Deadly fighting rages on in east Ukraine despite plane crash

This article is more than 12 months old

Pensioner Oleksandr had just stepped out of his house in eastern Ukraine to say hello to a neighbour when a mortar shell landed at his feet.

He died several minutes later, with his hand blown off and his stomach torn open.

“They are fighting and we are in the middle of it!” Lyudmila, his grieving widow, told AFP in the rebel stronghold of Donetsk.

“If they enjoy fighting so much then they should just go to a field and beat each other up there. I just want to live in peace.”

After Malaysia Airlines flight MH17 crashed on Thursday in the strife-torn region, killing all 298 passengers aboard, both Kiev and the pro-Russian rebels it has been fighting for months raised the possibility of a ceasefire.

But in reality, the bullets never stopped flying.

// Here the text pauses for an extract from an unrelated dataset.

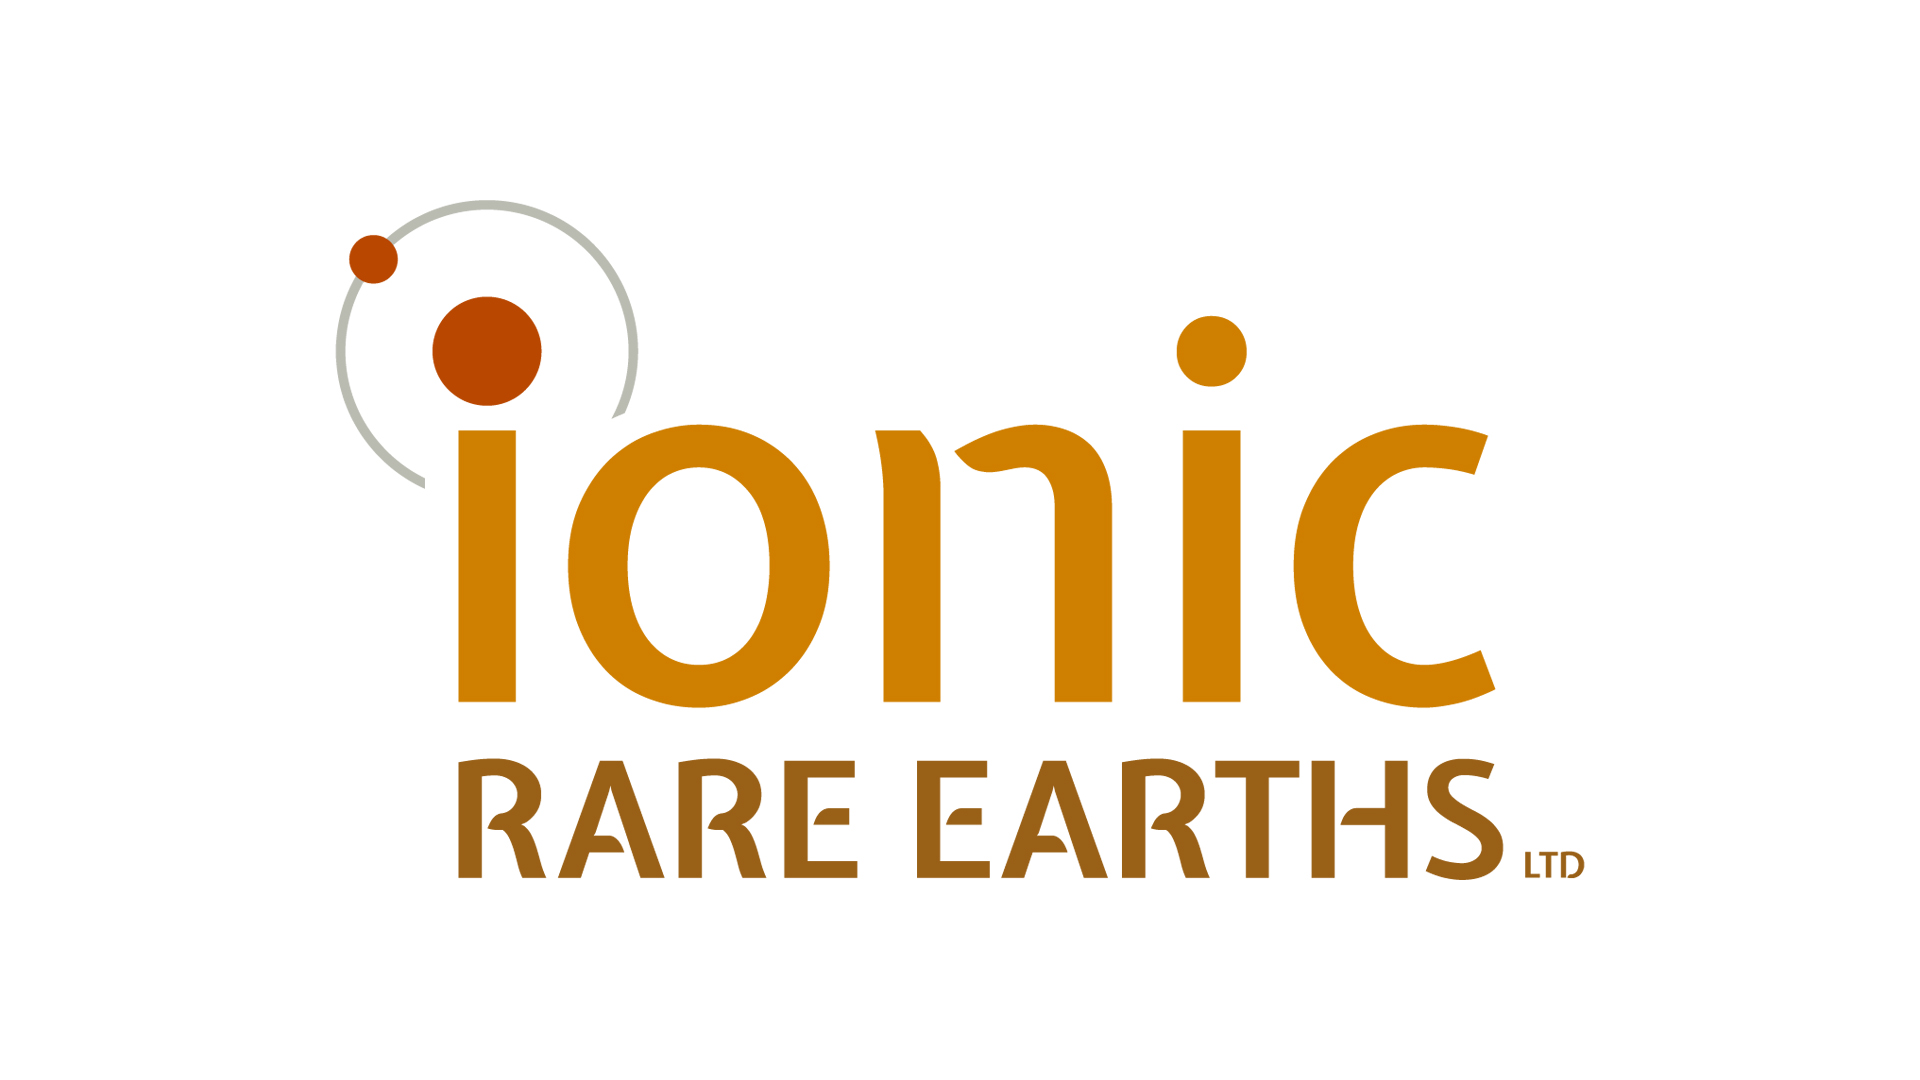 Iconic Rare Earths

Ukraine’s armed forces over the weekend pushed on with their operation to stamp out the rebels controlling the south-east part of Lugansk, with combat over the last 24 hours leaving 13 wounded in the industrial hub.

The border with Russia is the scene of daily skirmishes, while around Donetsk – a city of nearly one million – fighting carried on unabated.

Lyudmila said she had only just arrived home when she heard a loud noise.

“I came out and Oleksandr had a hand sliced off and several wounds in the stomach. Our neighbour tried to help him as far as he could. The ambulance took just over half an hour to arrive as there were too many shots being fired. He died before that.”

“I don’t care who is the government but this must end,” she said, tears flowing.

'I’m going nuts’

Just a few hundred metres from that spot, Vitaly Maistrenko was wounded in his legs by mortar shells while he was sitting in his garden.

The impact in the middle of the carnation-lined garden was visible and the bench he was sitting on was still soaking in blood.

On the other side of the street, the roof of a home that did not survive the pounding. Luckily, there were no victims as the house was empty like many in every two in this area.

“Everyday there are shots, day and night, and yesterday was horrible. We would like to leave too but our parents are too old and ill. So we are staying here and praying but for how long? Look at the state of that house, we can’t do anything to protect against that,” said one local resident.

Several metres further, in a street that had visibly been subject to heavy bombardment, a couple with their 18-year-old daughter arrived carrying big plastic bags filled to the brim. Behind her, an elderly woman struggled to keep up.

“They are leaving but I’m staying. I just came to say goodbye to them,” the 84-year-old said. “I’m old. How can I leave the house where I have lived all my life?”

Her daughter Alina, who works in a factory in the city said: “I can no longer live here. I’m going nuts. It’s now been two months that we’re going to bed at night wondering if we’re going to open our eyes in the morning.”